» **WHAT YOU HAVE TO DO**: Everything below from the line with "forever 21 contemporary studs earrings" through the line with "Prince George of" must be retyped exactly, except the pictures.

» **DATA FOR THIS EXERCISE**:
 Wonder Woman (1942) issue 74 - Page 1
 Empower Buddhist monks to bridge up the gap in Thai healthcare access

---

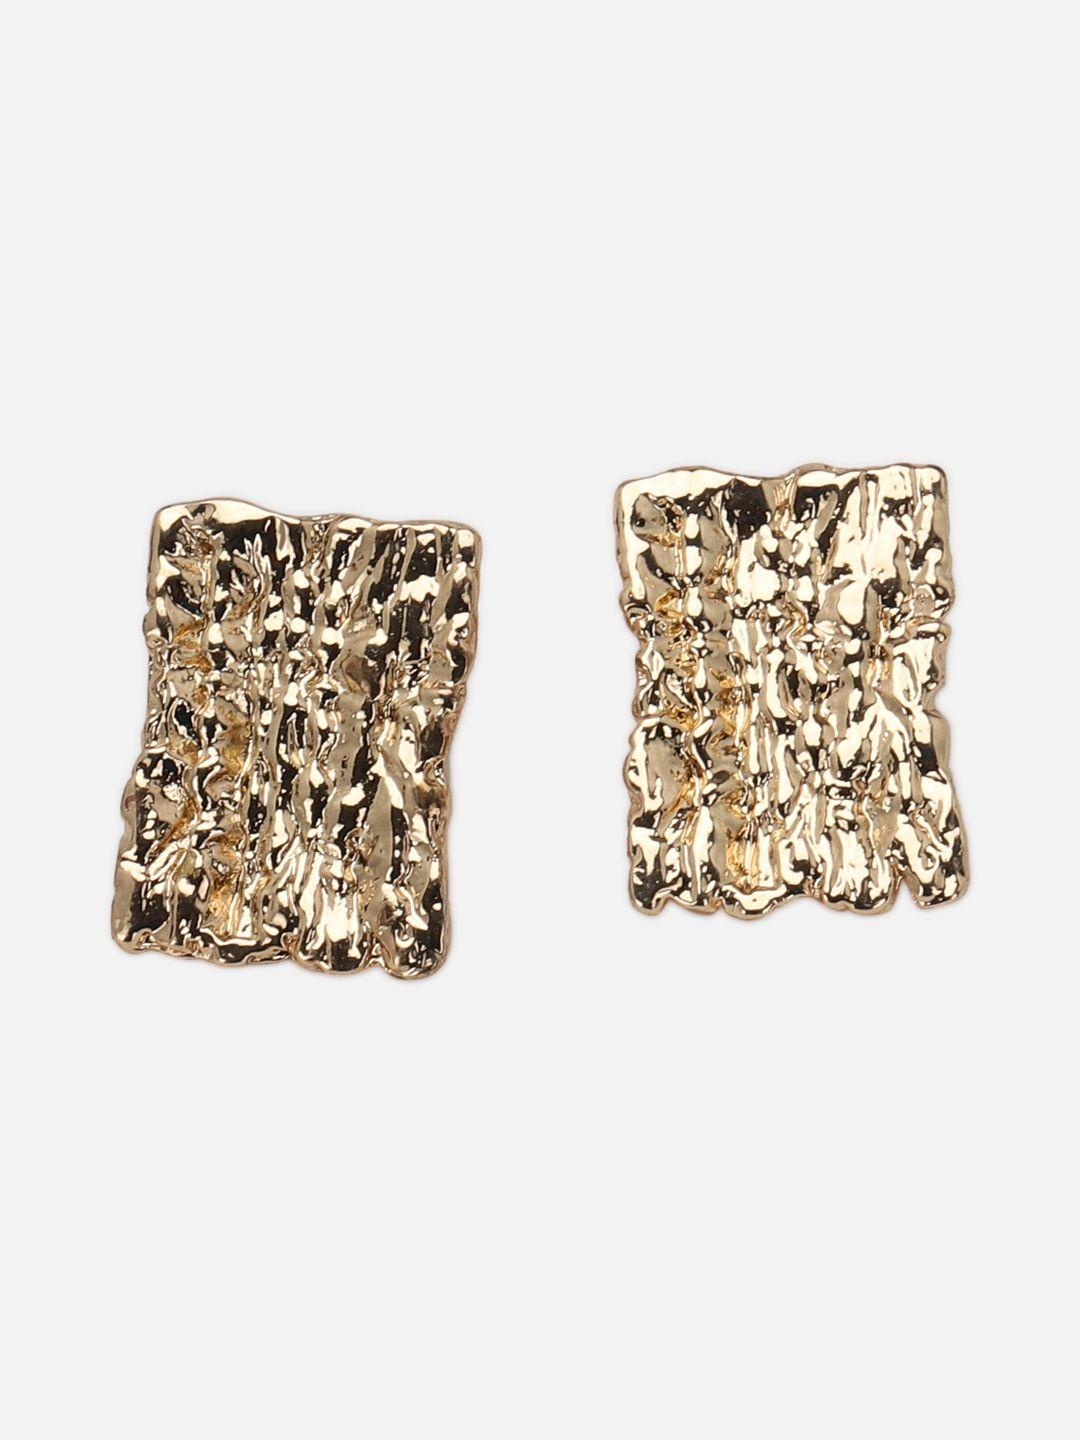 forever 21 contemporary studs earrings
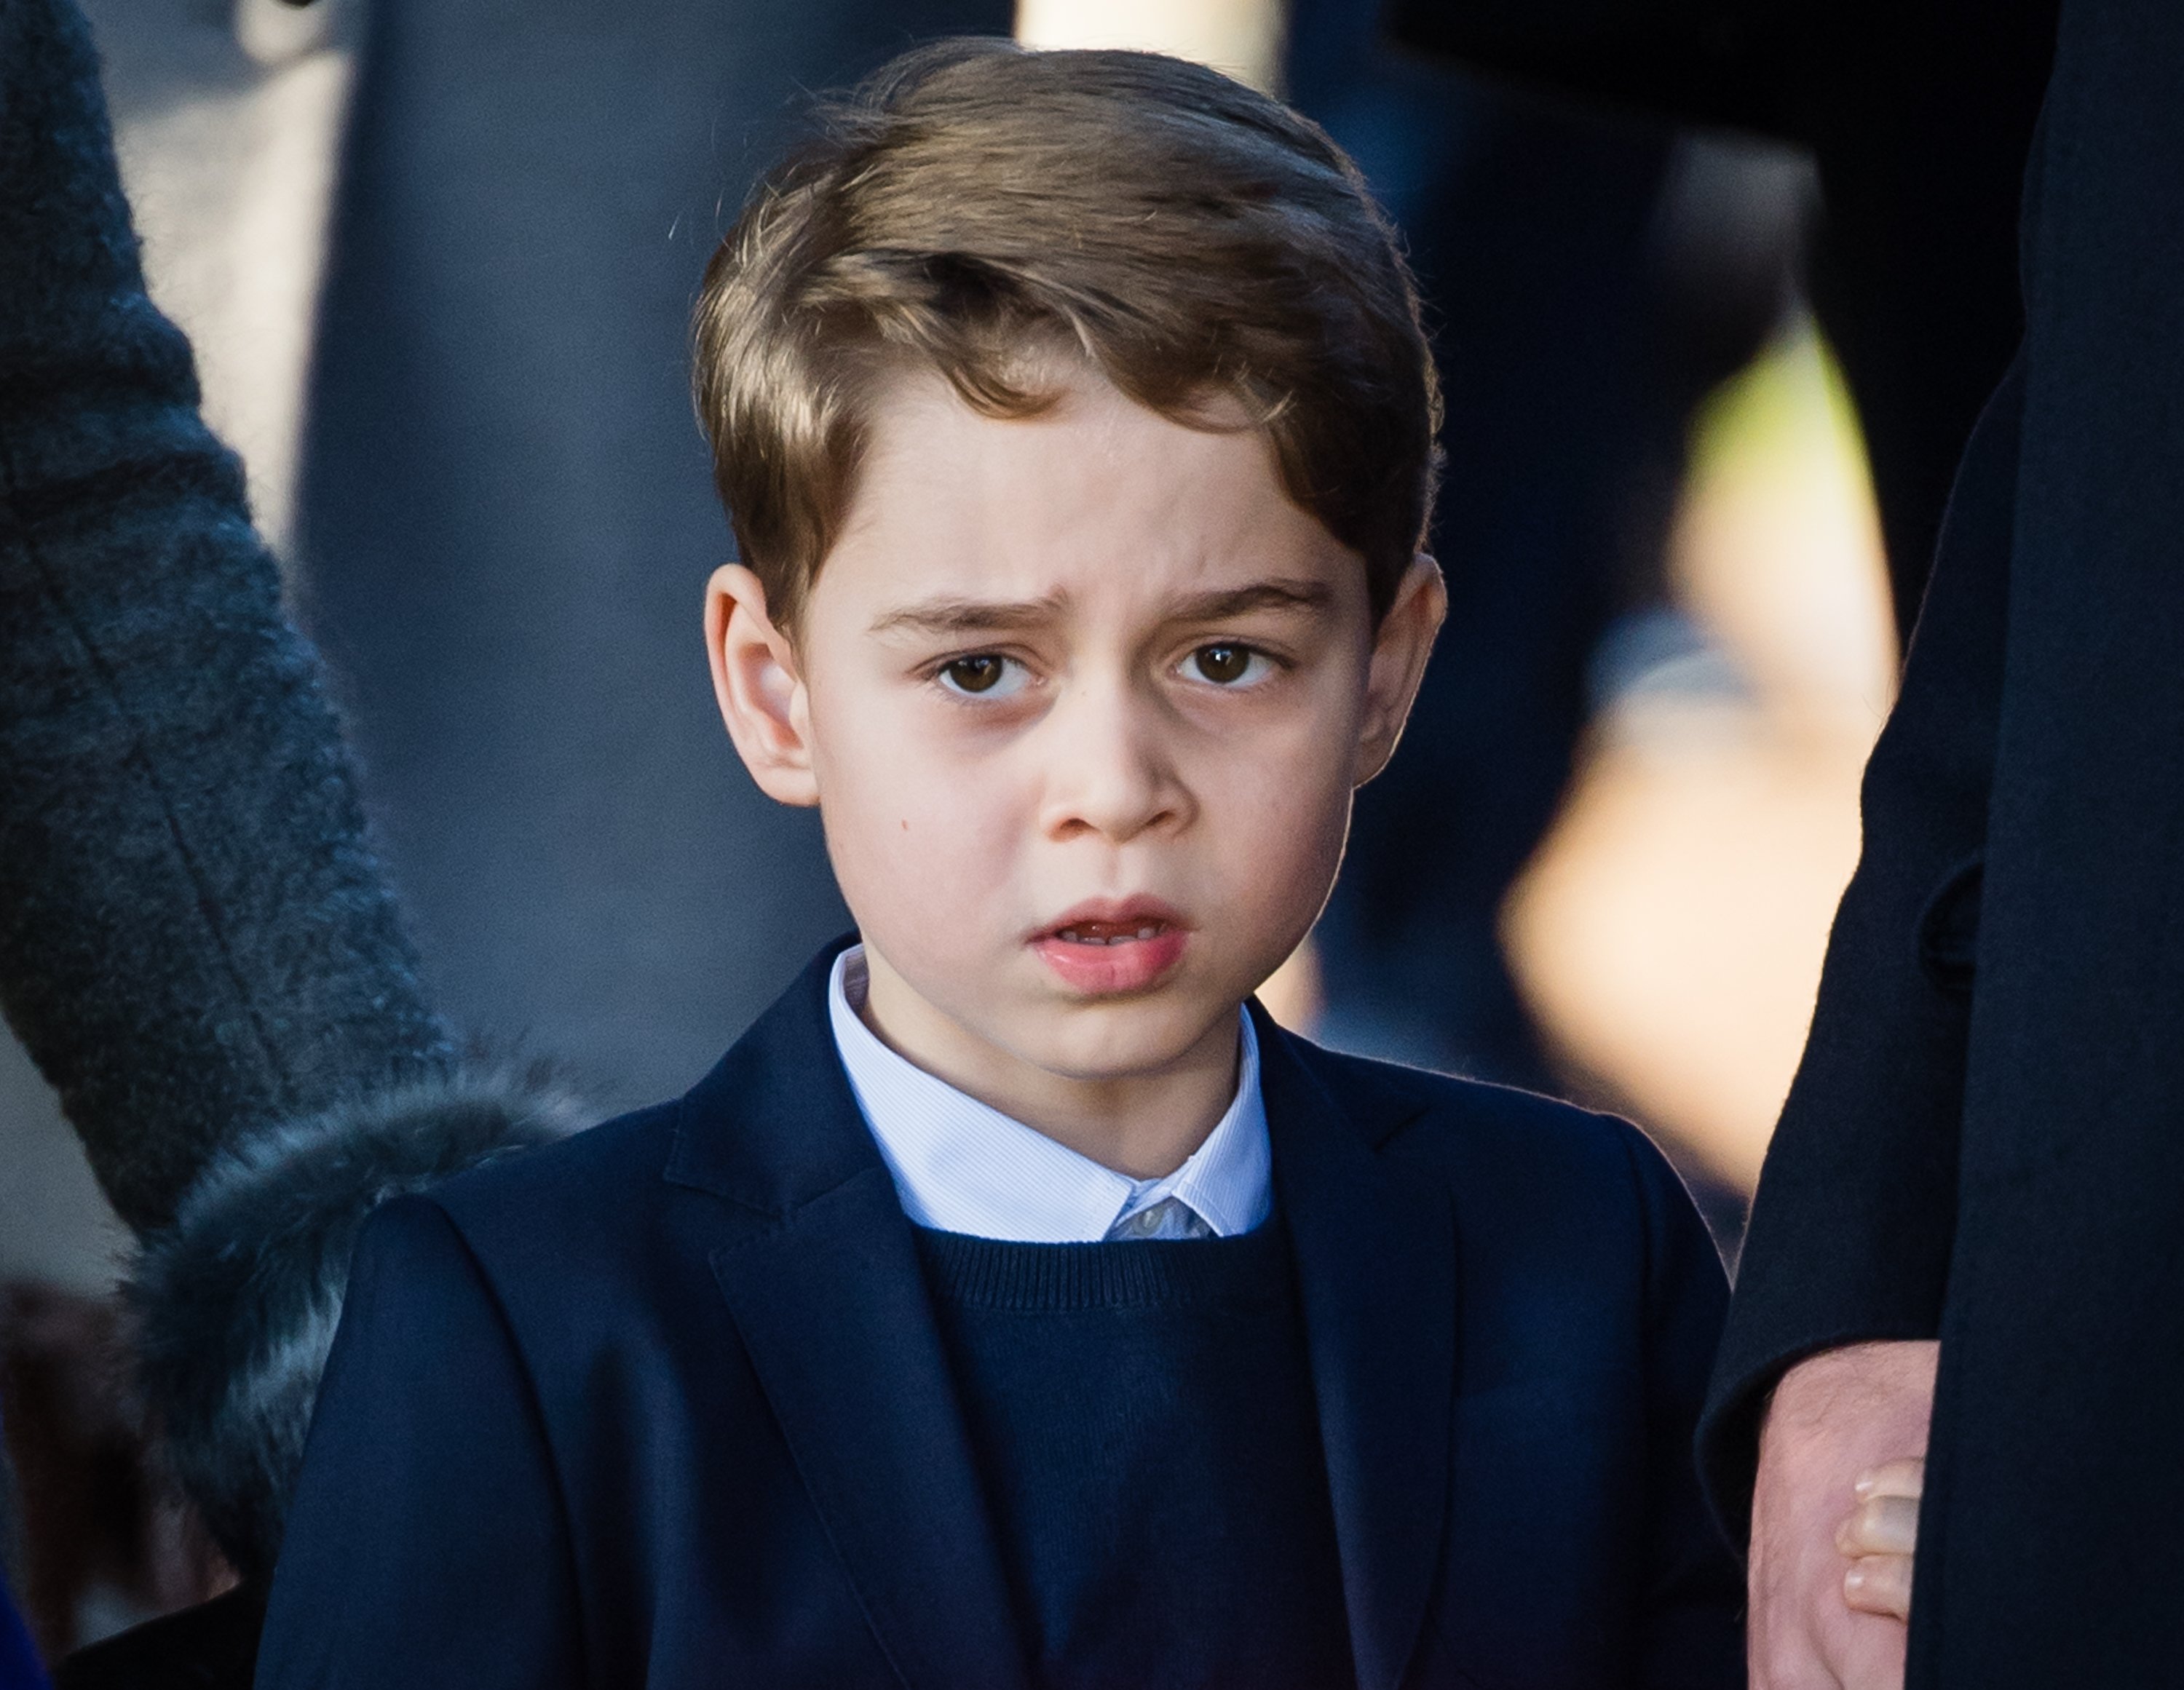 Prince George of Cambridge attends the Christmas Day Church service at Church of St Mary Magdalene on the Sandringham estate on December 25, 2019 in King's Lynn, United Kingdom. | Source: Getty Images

---

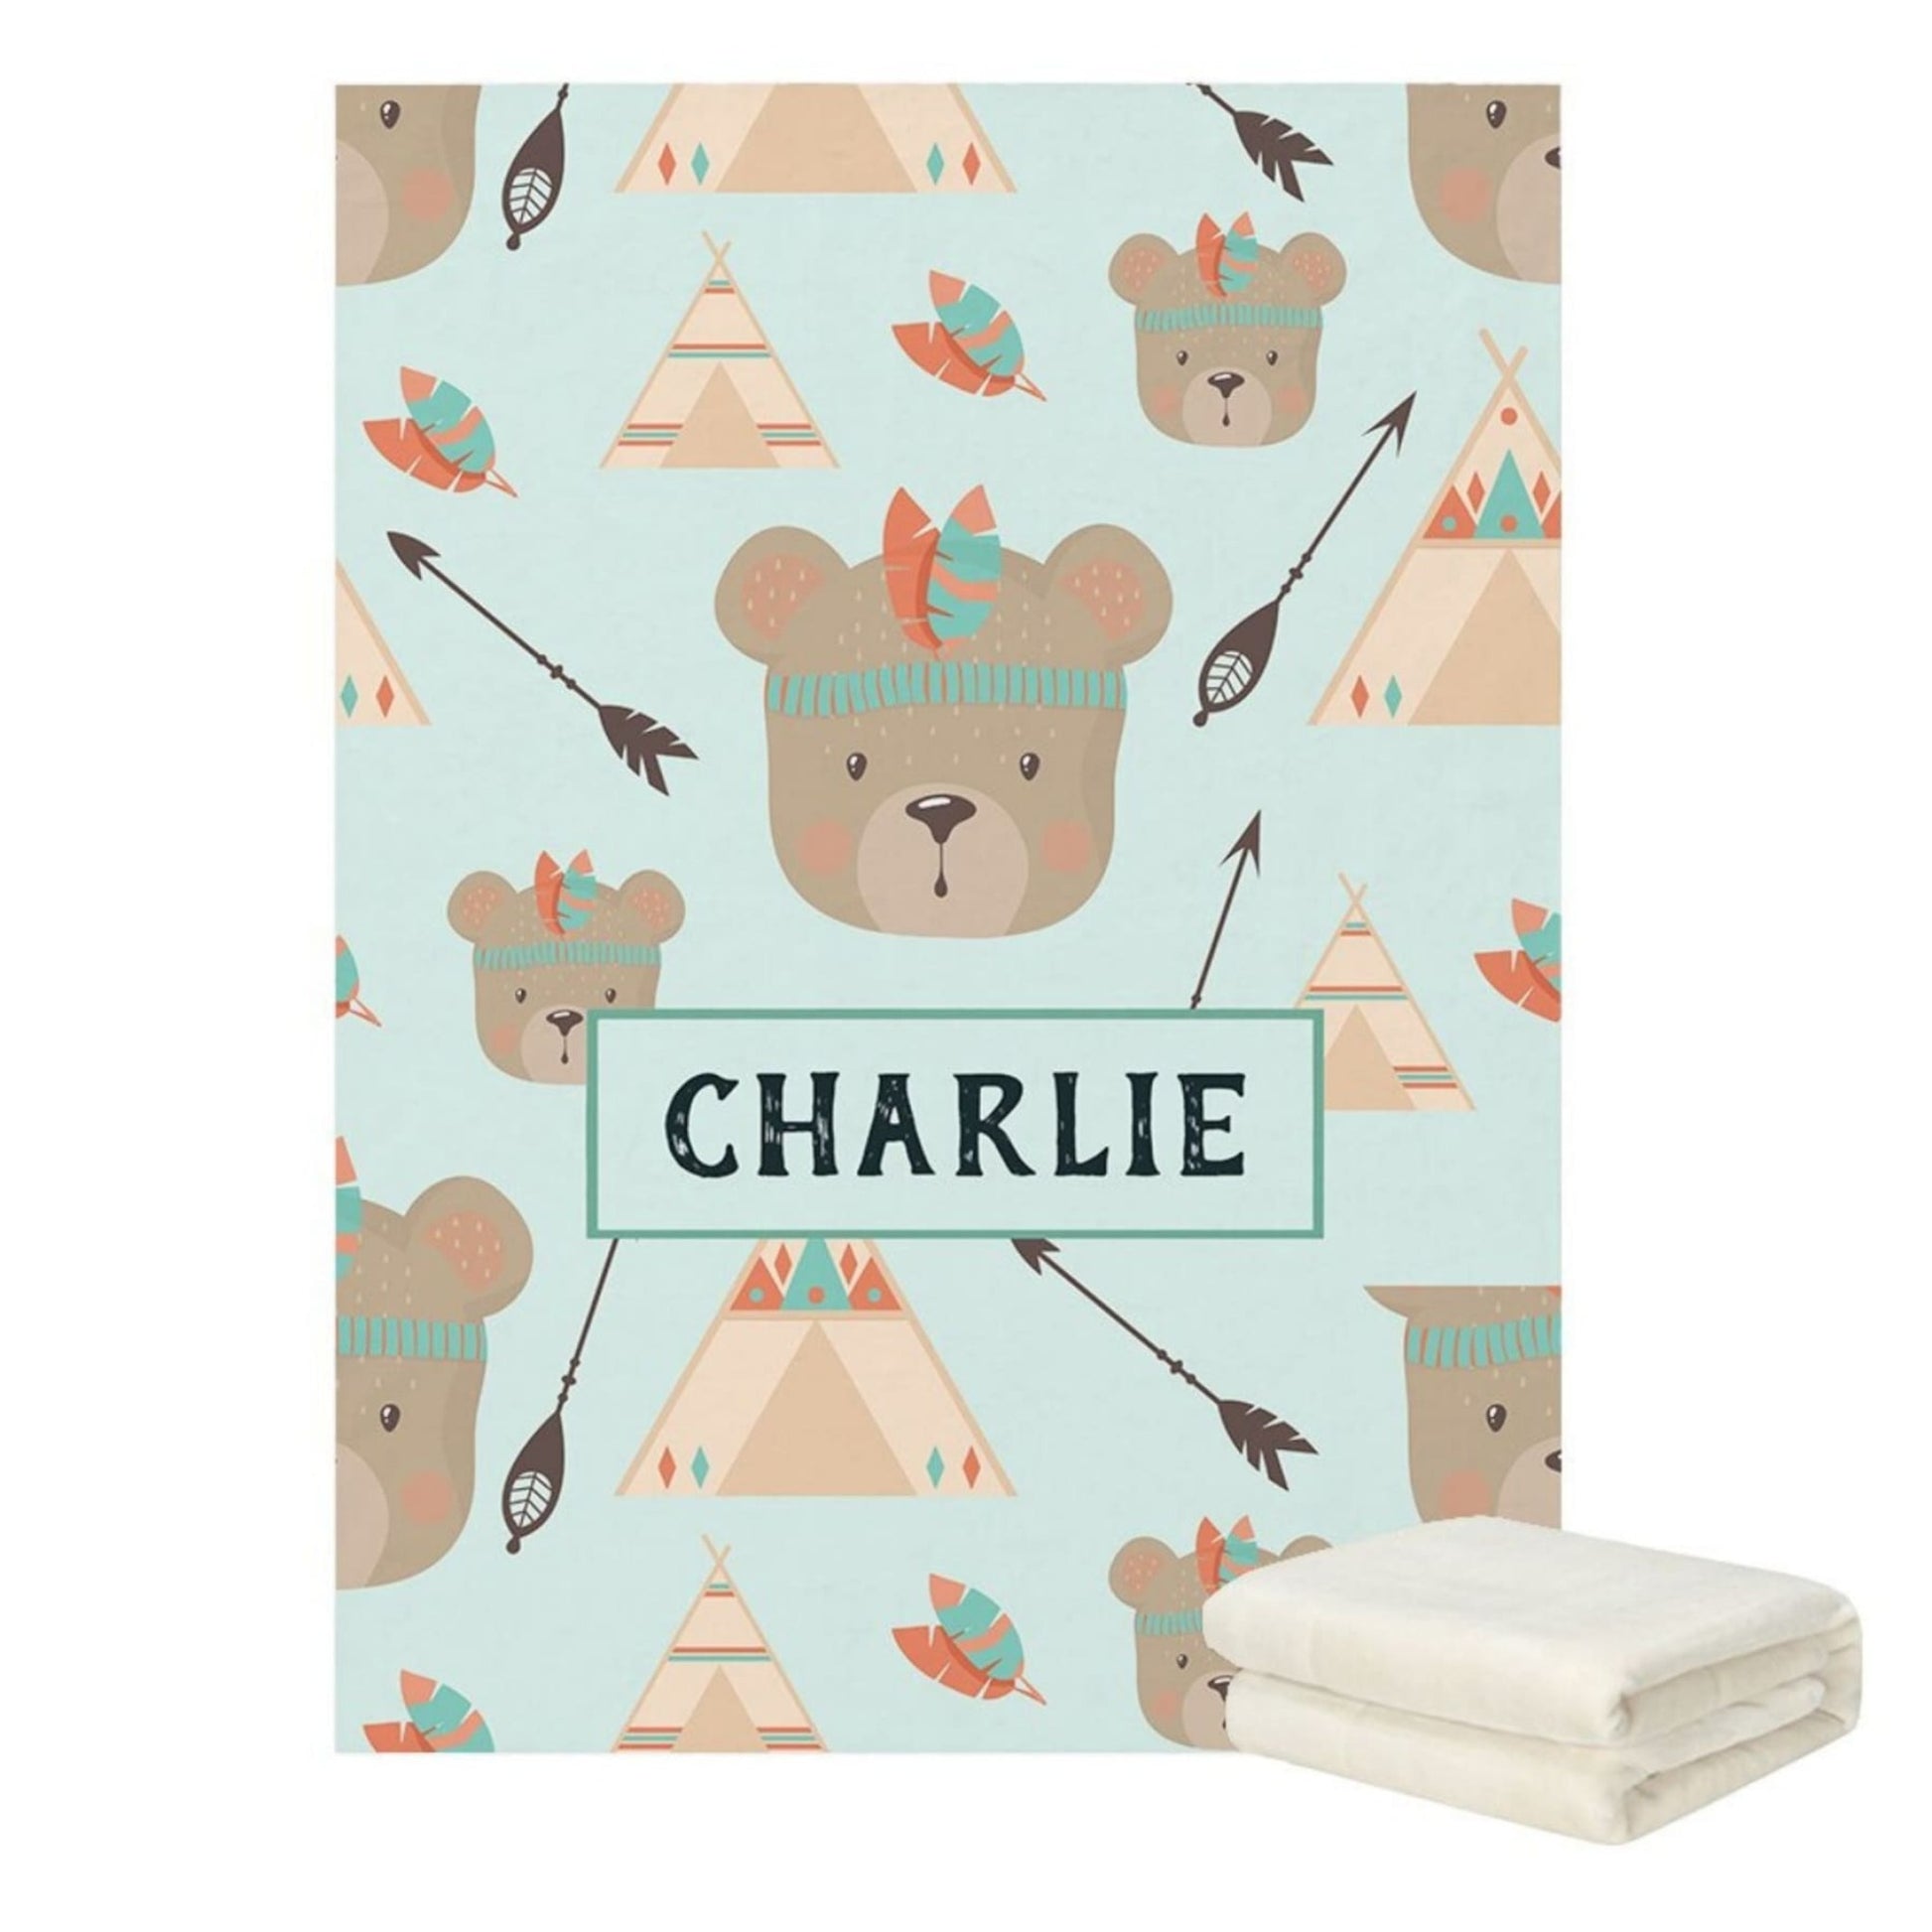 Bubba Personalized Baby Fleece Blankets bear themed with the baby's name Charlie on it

» **RESPONSE BOX**:
 forever 21 contemporary studs earrings
 Prince George of Cambridge attends the Christmas Day Church service at Church of St Mary Magdalene on the Sandringham estate on December 25, 2019 in King's Lynn, United Kingdom. | Source: Getty Images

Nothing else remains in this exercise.